Я думаю иногда, отчего воскрешение этих имен доставляет мне такую радость и отчего вообще весь день в Чернигове, где эта история обрела развязку, вспоминается мне как счастливейший? Дело, разумеется, не в том, что один сочинитель, посильно способствующий воскресению другого, чувствует себя если не Богом немножечко, то хотя бы его полномочным представителем; и даже не в том, что я все это делаю в надежде на посмертное воздаяние, на неведомого благодарного потомка, который вот и мои строчки так же со временем разгребет и вернет в живой контекст. Нет, тут дело именно в радостнейшем чувстве логичности всего происходящего, в сопричастности исполнению мировых законов. Например, когда на моих глазах один откровенный подонок -- о чем, казалось мне, знал я один -- был вдруг быстро и изящно наказан Господом, причем именно в результате тончайшего плетения обстоятельств, я испытал ничуть не злорадство, а священный восторг. Ну надо же! Оказывается, все, чему нас учили, -- истинная правда! Она вертится! Они не горят! Нечто подобное я чувствовал, когда писал здесь же, в «Огоньке», о небывалом лагерном эпосе Юрия Грунина, о полузабытом наследии гениальной Шкапской. Но тех знает хоть кто-то. Эта, третья, статья о проклятых поэтах -- о самом странном из них.

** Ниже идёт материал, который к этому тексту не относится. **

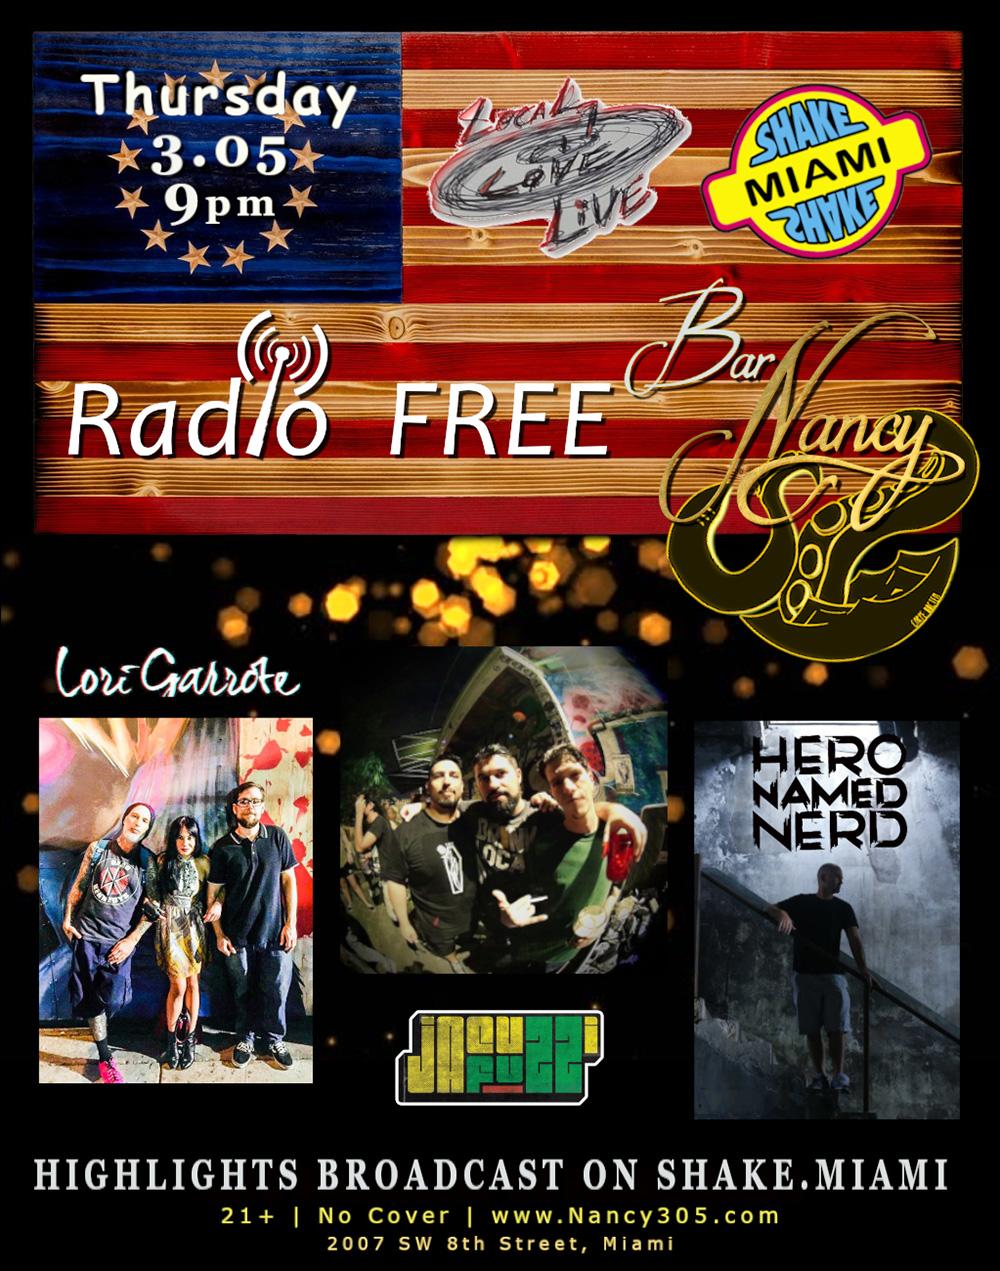 Radio Free Nancy! Presented by Local. Love. Live & Shake Miami!

Я затягиваю вступление, оттягиваю главное, потому что сейчас, вот сейчас, пока я это пишу, Игорь Юрков остается, по сути дела, собственностью двух-трех людей. Но пора -- и вот он выходит к своему читателю, поэт, чья судьба мучит меня вот уже пятнадцать лет.

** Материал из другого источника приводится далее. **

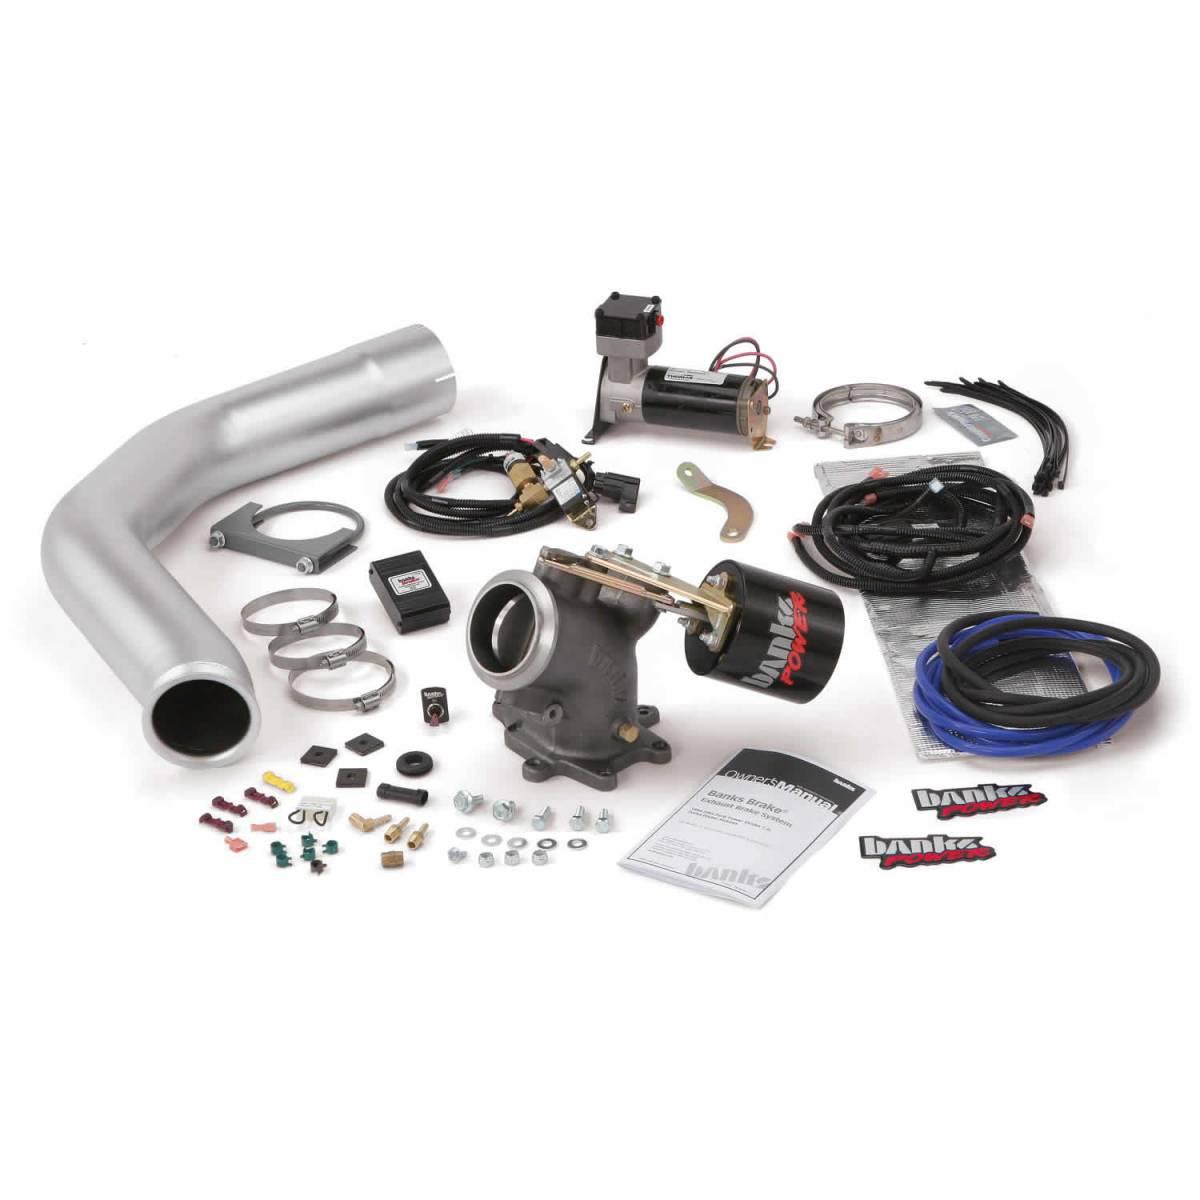 banks power brake exhaust braking system 99 99 5 ford 7 3l stock exhaust

В «Дне поэзии» за 1968 год киевский поэт Николай Ушаков опубликовал три стихотворения своего старшего друга и литературного учителя Игоря Юркова, который родился в Ярославле 16 июля 1902 года, успел послужить у белых и красных, издал единственную книжечку стихов и умер в Боярке 30 августа 1929 года от туберкулеза. Он был довольно заметной фигурой в бурной и многоязычной литературной жизни Киева начала двадцатых, но печатался мало, поскольку ни в какие направления и контексты не вписывался. Попытки опубликоваться в Москве ни к чему не привели, Юрков вернулся оттуда растерянным и разочарованным. Тем не менее в Киеве авторитет его был бесспорен (в первые десятилетия века, когда разрыв между поэтическими поколениями составлял не более года -- так резко и стремительно все развивалось и увядало, и в двадцать становились вождями направления, а в двадцать пять -- патриархами). У близких поэта, писал Ушаков, сохранилось многое. Книгу надо переиздать. Далее следовали стихи -- «Арабески», «Андрей Рублев» и «Тень рассказывает сказки».

Не обладая многими качествами, которые требуются критику, одним, мне кажется, я все-таки наделен: способностью увидеть в тексте серьезного мастера то, чего в этом тексте и нет, -- то, что обещается. Совершенно сейчас уже не понимаю, что меня тогда купило в «Арабесках», -- слава Богу, пятнадцать лет знаю их наизусть, привык, -- но совершенно было невозможно представить, что это писал человек в конце двадцатых. Песенная естественность, ирония, гусарская романтика -- вся атрибутика скорее каэспэшного свойства; но за обычной стилизацией угадывался гул, звуковой хаос, ток высокого напряжения, тревога и стремительность.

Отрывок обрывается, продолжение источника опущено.